Filters don't go well with longer lenses that magnify imperfections and cause image quality issues. Google it ;)

Other common problems:
- Keep shutter speeds UP, even with image-stabilisation
- Avoid cropping, it kills image quality
- Beware of atmospheric pollution when shooting at distance
 
Filters don't go well with longer lenses that magnify imperfections and cause image quality issues. Google it ;)

Other common problems:
- Keep shutter speeds UP, even with image-stabilisation
- Avoid cropping, it kills image quality
- Beware of atmospheric pollution when shooting at distance

+ increases chances of flare and ghosting and reduces contrast (contrary what some of them claim when shooting birds in the sky)
 
Filters don't go well with longer lenses that magnify imperfections and cause image quality issues. Google it ;)

Other common problems:
- Keep shutter speeds UP, even with image-stabilisation
- Avoid cropping, it kills image quality
- Beware of atmospheric pollution when shooting at distance

Avoid cropping, eh?!

My A7riii can crop just fine and keep excellent IQ.
 
Avoid cropping, eh?!

My A7riii can crop just fine and keep excellent IQ.

Then it must be truly amazing before cropping. Having tons of pixels helps a bit, but can do nothing to avoid the physics of lens performance - as resolution demands go up (ie when cropping) then sharpness goes down. Hence smaller format cameras deliver lower image quality than larger formats.
 
  • Like
Reactions: Nod
I am using a crop sensor DSLR -Nikon D7100 unsure what the effect will be at full focal lenght (apart from being very close the birds).

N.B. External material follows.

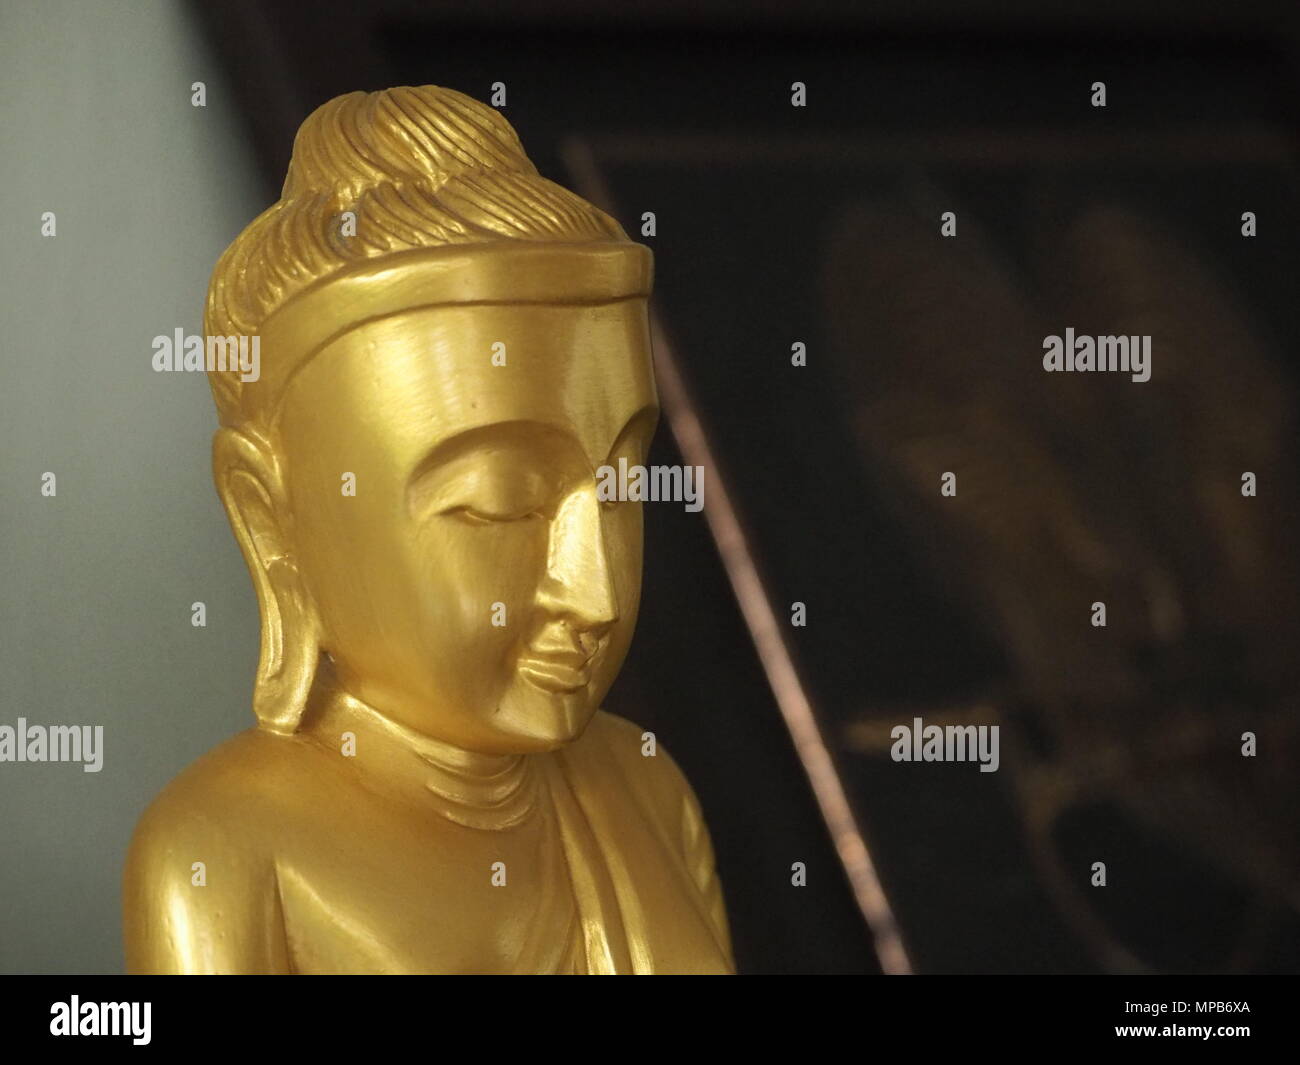 Kopf geschossen von einem goldenen Buddha souvenir Statue in der Meditation dar. Stockfoto

I am looking forward to adding the teleconverter (1.4x) to see the effect!
 
Last edited:
I use my 150 - 600 on a D7200 and have the 1.4 converter and to be honest I've only used it a few times and found it makes the images softer and drops you to f9 wide open
 
that lens has an half inch thick piece of glass as a front element. what protection do you think a 1mm filter if gonna give you ? the "UV Filter for protection" is the most non sense argument ever. those things break with a tap of a finger (and those uv filter shattering that easily are more likely to damage front elements than whatever broke them on the first place). Most lenses front elements, you can hit them with a hammer and they wont break/mark.

Use your lens hood
 
that lens has an half inch thick piece of glass as a front element. what protection do you think a 1mm filter if gonna give you ? the "UV Filter for protection" is the most non sense argument ever. those things break with a tap of a finger (and those uv filter shattering that easily are more likely to damage front elements than whatever broke them on the first place). Most lenses front elements, you can hit them with a hammer and they wont break/mark.

Use your lens hood
Being new to this means that I get to ask stupid questions I guess.

Thanks to everyone for the advice
 
The UV filter isn't to protect your lens from taking a hammer or whatever else brute force.
Protects the front element agains splashes (eg: sea water which can be harmful to coating), in my case against finger prints in certain situations.
Something when I am carrying the lens if the cap hasn't been fitted on properly, it can come off and front element could get scratched. May be it has never happened to you but we are all human and it only needs to happen once for your expensive lens to reduce its value drastically.
I rarely use it while shooting, I use my hood as everyone else mentioned but in certain cases it saved me from grief.